This is a follow-up of this question.
Let $\tilde V, \tilde W$ be two isomorphic real vector bundles of rank $k$ over a smooth manifold $M$.
Suppose there exist isomorphic subbundles $V \subseteq \tilde V,W \subseteq \tilde W$ of rank $k-1$, i.e $V \cong W$.
Question: Is it true that $\tilde V/V \cong \tilde W/W$? (are the quotients isomoprhic?)
If $\tilde V,\tilde W$ are orientable, then the answer is positive, as explained here. I wonder what happens if we don't assume they are orientable.

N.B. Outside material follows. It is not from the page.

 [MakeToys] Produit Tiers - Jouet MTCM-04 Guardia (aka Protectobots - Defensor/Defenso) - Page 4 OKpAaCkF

Yes, if you assume $\tilde{V}$ and $\tilde{W}$ are isomorphic then the quotients are isomorphic. This follows from a computation with Stiefel-Whitney classes: we have
$$w(\tilde{V}) = w(V) w(L_1) = w(\tilde{W}) = w(W) w(L_2)$$
where $L_1, L_2$ are the quotients, from which it follows that $w(L_1) = w(L_2)$, hence $L_1$ and $L_2$ are isomorphic. With no hypotheses on the codimension what we get is that the quotients have the same Stiefel-Whitney classes, which is weaker in general than being isomorphic, but is equivalent for line bundles.